Cos'è lo SMILE e come funziona
SMILE sta per Small Incision Lenticule Extraction. È la tecnica laser più recente per la correzione della miopia, introdotta nel 2011 e oggi disponibile su diverse piattaforme di ultima generazione.
Il principio è diverso dalla FemtoLASIK e dalla PRK. Anziché creare un flap sulla cornea e poi rimodellare lo stroma con il laser eccimero, lo SMILE utilizza un solo laser (femtosecondi) che crea un sottile disco di tessuto corneale — il lenticolo — direttamente all'interno della cornea. Il chirurgo lo estrae attraverso una micro-incisione di soli 2-4 mm. Una volta rimosso il lenticolo, la cornea assume la nuova curvatura e la miopia è corretta.
L'intervento è rapido — il laser lavora in pochi secondi, e l'intera procedura dura circa 5-8 minuti per occhio. Si esegue in anestesia topica (solo gocce), senza punti e senza bendaggio. Il paziente torna a casa il giorno stesso.
Lo SMILE corregge la miopia fino a circa -8 diottrie e l'astigmatismo fino a 3 diottrie. Non può correggere l'ipermetropia — per questo difetto restano indicate la FemtoLASIK o la PRK.
I vantaggi: meno occhio secco, cornea più forte
Il vantaggio principale dello SMILE rispetto alla FemtoLASIK è legato alla dimensione dell'incisione. La FemtoLASIK crea un flap con un perimetro di circa 20 mm, tagliando un numero significativo di nervi corneali. Lo SMILE richiede un'incisione di soli 2-4 mm. Il risultato è una minore denervazione corneale, che si traduce in due benefici concreti:
Meno occhio secco post-operatorio. Poiché vengono tagliati meno nervi, la sensibilità corneale si recupera più rapidamente e la lacrimazione riflessa è meno compromessa. Gli studi confermano che lo SMILE causa significativamente meno secchezza rispetto alla FemtoLASIK nei primi 3-6 mesi. Per chi ha già una tendenza all'occhio secco, questo può fare la differenza.
Migliore biomeccanica corneale. Le fibre di collagene più superficiali dello stroma — quelle che conferiscono alla cornea la sua resistenza strutturale — rimangono intatte nello SMILE. Nella FemtoLASIK, il flap le taglia. Il risultato è una cornea strutturalmente più forte dopo l'intervento, con un profilo di sicurezza eccellente a lungo termine.

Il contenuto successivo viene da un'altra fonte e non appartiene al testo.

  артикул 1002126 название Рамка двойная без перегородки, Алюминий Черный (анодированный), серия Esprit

Inoltre, come la PRK, lo SMILE è una tecnica senza flap: non esiste il rischio di complicanze legate al flap (dislocazione, infiammazione dell'interfaccia). Questo lo rende una scelta interessante anche per chi pratica sport di contatto.

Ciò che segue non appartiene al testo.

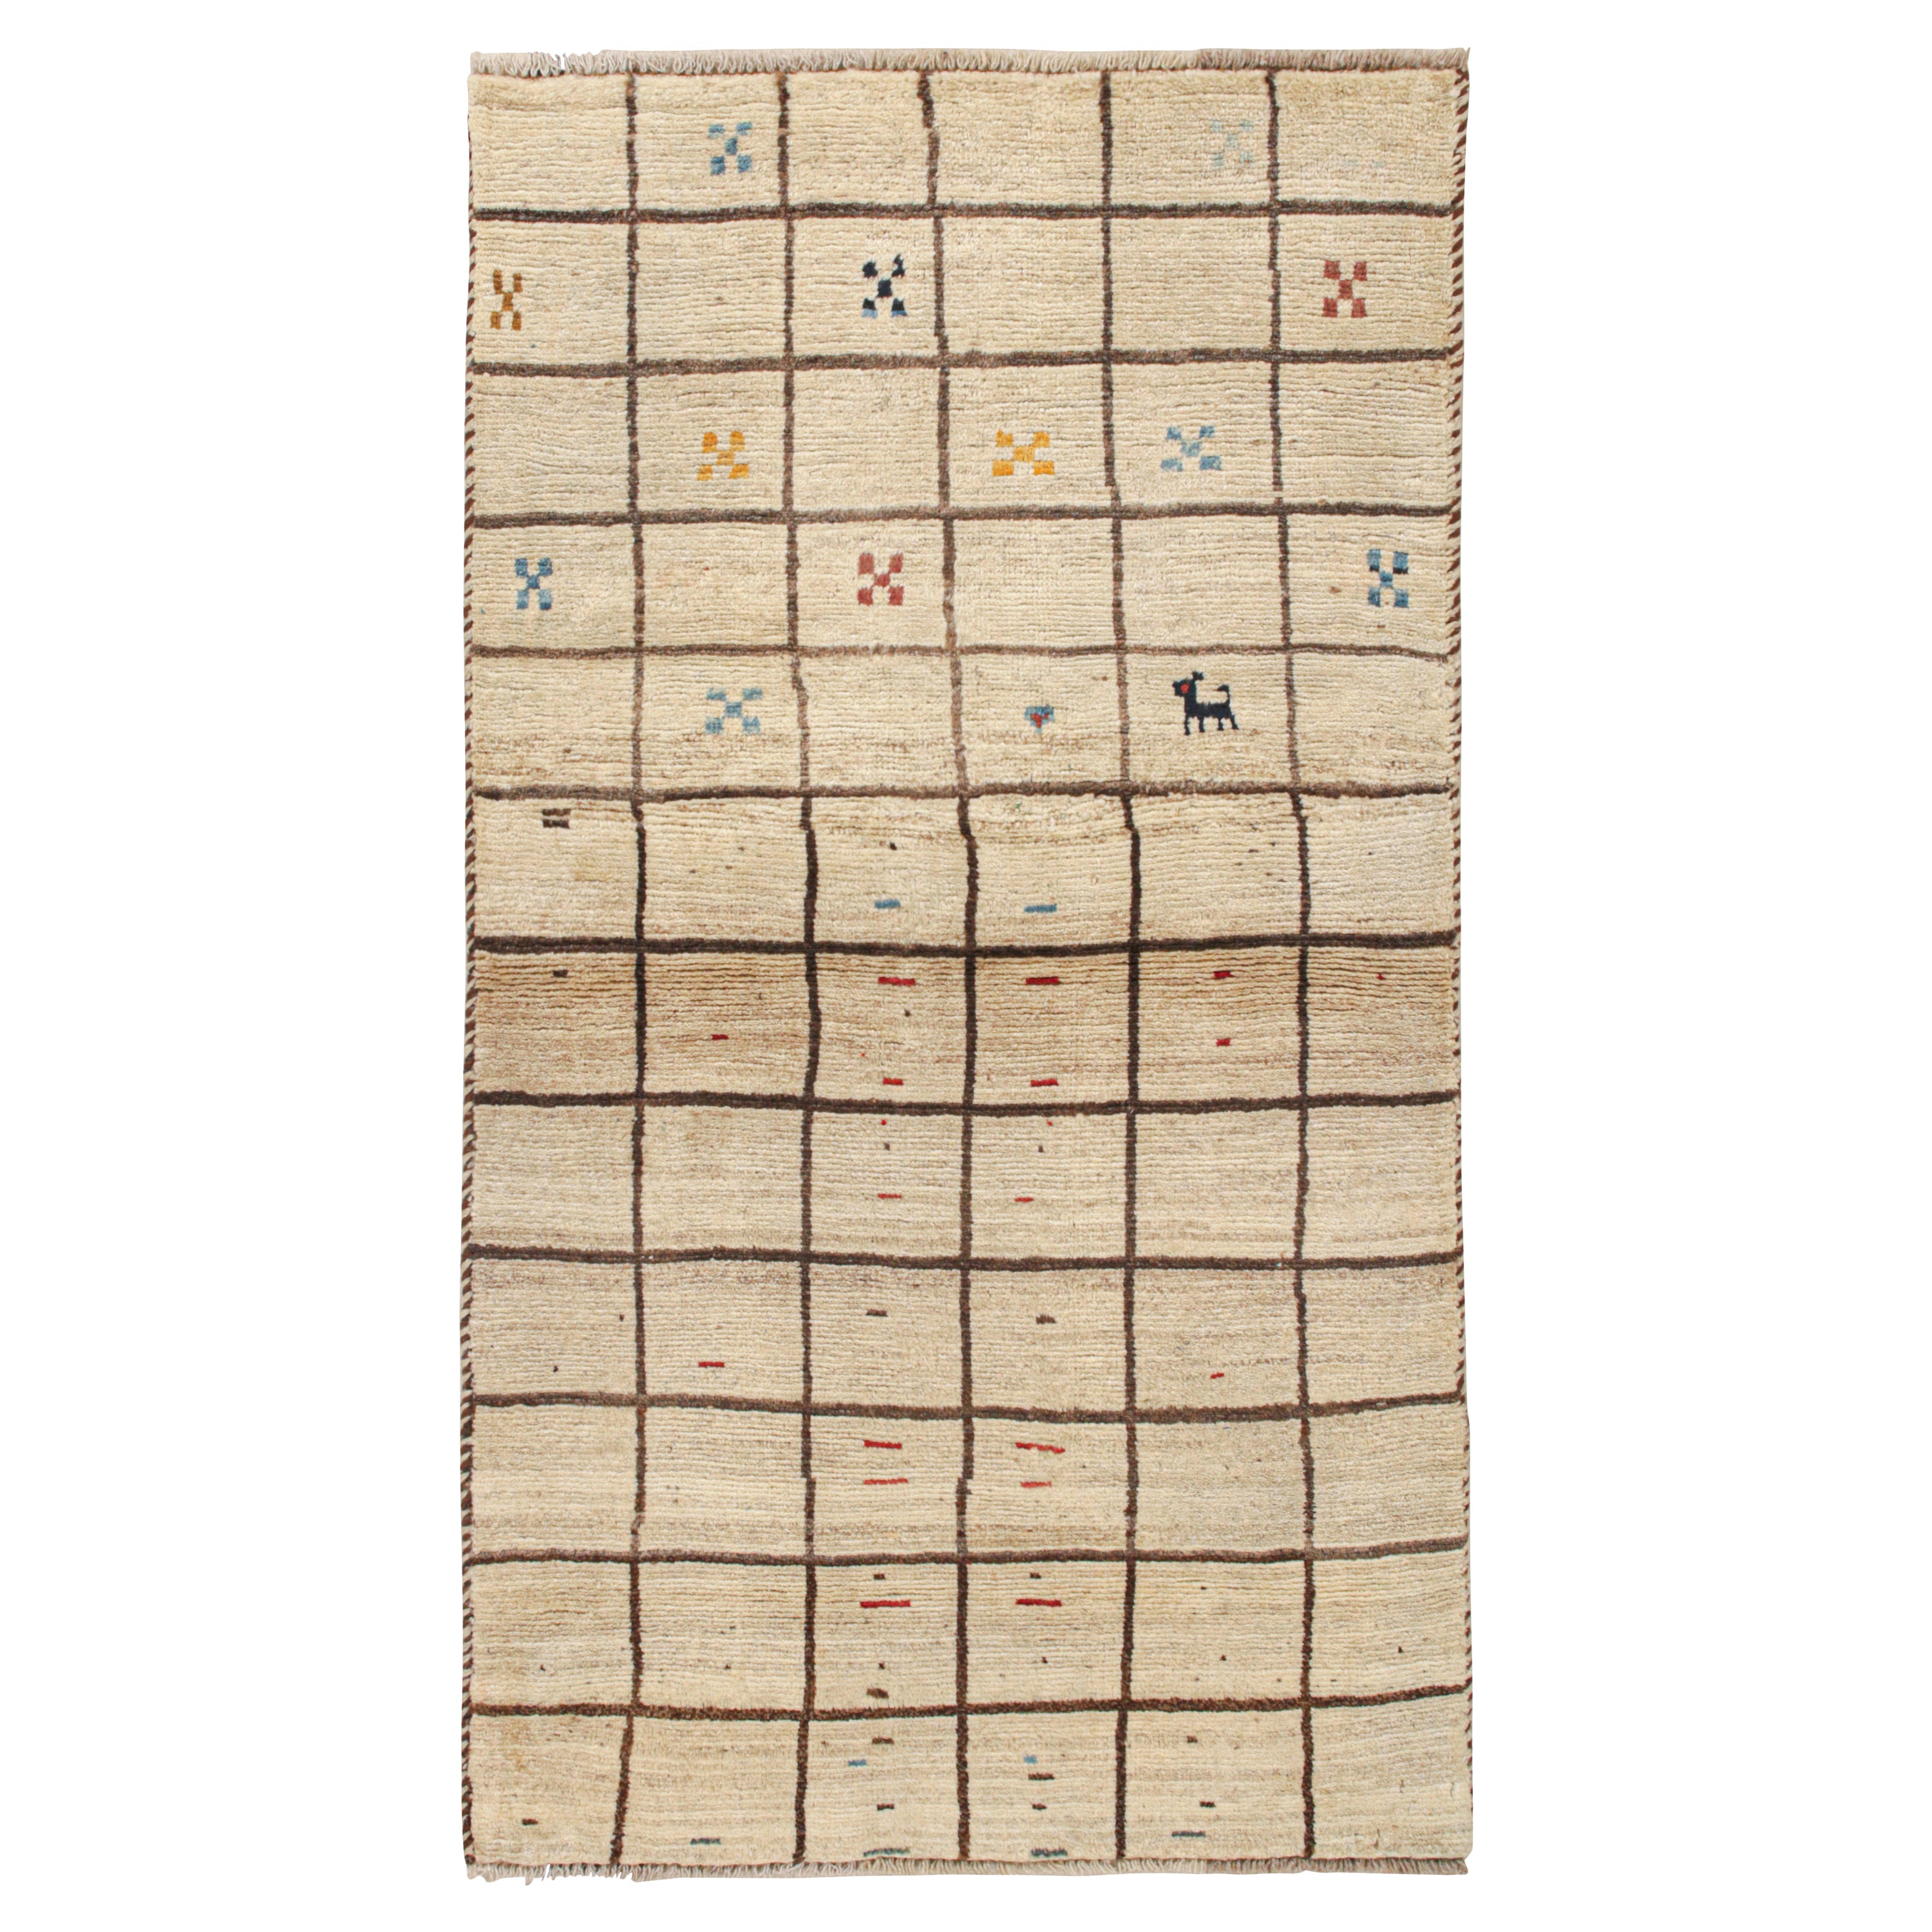 Vintage Qashqai Persian Gabbeh Rug in Beige-Brown Grid Pattern

Risultati, limiti e cosa aspettarsi
I risultati visivi dello SMILE sono eccellenti e comparabili a quelli della FemtoLASIK. Per miopie fino a -6 diottrie, oltre il 95% dei pazienti raggiunge 10/10 senza occhiali. La stabilità nel tempo è ottima, con una regressione minima anche a distanza di anni.
Il recupero è leggermente più graduale rispetto alla FemtoLASIK: la vista è già buona dopo qualche giorno, ma raggiunge il plateau definitivo nell'arco di 2-4 settimane. È un compromesso accettabile per la maggior parte dei pazienti, soprattutto considerando i vantaggi in termini di comfort post-operatorio.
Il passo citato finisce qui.